As shown in Figure 1, there are mainly four types of traditional non-circular PGTs: N-G-W, N-W, W-W, and N-N.^{9,10,14,22–25} Among them, the N-G-W type has a single row with smaller axial dimension, and its radial dimension is slightly larger than the latter three types. N-W, W-W, and N-N are in the form of double rows, although the radial dimension can be reduced, the axial dimension is inevitably increased. In addition, these four types of traditional non-circular PGTs generally use several planetary gears to share the load, so there is a possibility of uneven loading.²⁶ In this article, a new type of coplanar double internal meshing non-circular planetary gear train (CDIMN-PGT) is proposed, which has the characteristics of compact structure, high power density, and the ability to output a specific regular rotational motion. Compared with traditional non-circular PGTs, CDIMN-PGT has only one planetary gear, thus avoiding the uneven load problem that may occur with multiple planetary gears. Due to the structural specialty, the modulus of the sun gear and the ring gear can be different, which reduces the difficulty of teeth matching. In addition to the internal meshing between the planetary gear and the ring gear, the planetary gear and the sun gear are also internally meshed, that is, double internal meshing, and the internal meshing is advantageous for improving the contact ratio of the gear transmission.²⁷ The design method of the pitch curves of the gear train based on internal high-order non-circular gears is proposed, and the boundary conditions of the design parameters are analyzed. The theoretical analysis of the transmission ratio of the gear train under different working conditions was carried out and kinematic simulation was accomplished in the ADAMS software.

Figure 1.

Several traditional non-circular planetary gear trains: (a) N-G-W type, (b) N-W type, (c) W-W type, and (d) N-N type.

Transmission principle

The main structure of CDIMN-PGT is shown in Figure 2. The gear train is mainly composed of the sun gear, the planetary gear, the ring gear, and the planet carrier. The sun gear, the planetary gear, and the ring gear are all non-circular gears. The planetary gear has both inner and outer teeth, respectively, meshing with the sun gear and the ring gear, thereby transmitting motion and power. The planet gear makes a planetary motion that revolves around its own axis $o_{2} (o_{3})$ and revolves around the axis $o_{1} (o_{4})$ of the planet carrier. The sun gear, the ring gear, and the planet carrier rotate around its own axis. The rotation axis of the sun gear, the ring gear, and the planet carrier coincide with each other and the rotation axis of the planetary gear is offset from the rotation axis of the sun gear by a distance $o_{1} - o_{2}$ , as shown in Figure 2(b). CDIMN-PGT actually has two pairs of internal meshing non-circular gears, and the sun gear and inner gear of the planetary gear can be called non-circular gear pair $G_{12}$ , and the ring gear and the outer gear of the planetary gear can be called non-circular gear pair $G_{34}$ . Due to the variable transmission ratio characteristic of the non-circular gear, under the condition that the gear train obtains a constant input, an output that changes according to a certain motion law can be obtained.

Figure 2.

Main structure of CDIMN-PGT: (a) kinematic sketch and (b) pitch curves.

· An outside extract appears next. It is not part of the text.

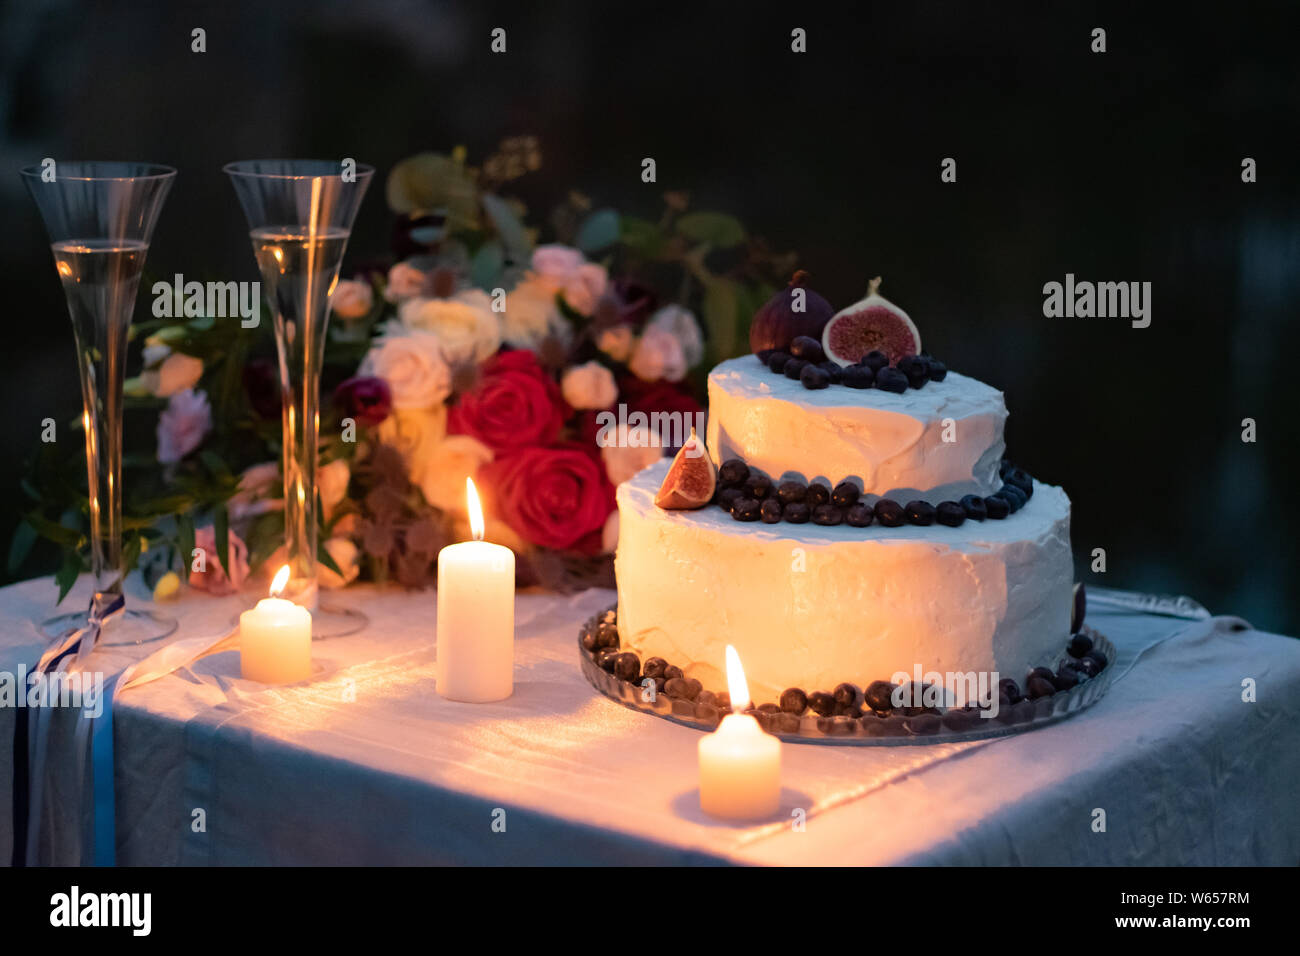 Hochzeit Dekorationen. Kuchen in weiße Glasur mit einer Einrichtung der Blaubeeren und Feigen auf dem Tisch am Abend mit Gläsern, Kerzen und eine Hochzeit bouq Stockfoto

Pitch curves design and analysis

Non-circular gears are a key component of CDIMN-PGT. Since the non-circular gear pairs $G_{12}$ and $G_{34}$ are both internally meshed and need to meet the condition of equal center distance, the design of the pitch curves becomes particularly complicated. Based on the design of the internal meshing non-circular gear pitch curve, the boundary conditions of the parameters of CDIMN-PGT are analyzed, and the matching methods of the parameters such as the major axis radius and eccentricity of non-circular gears are proposed.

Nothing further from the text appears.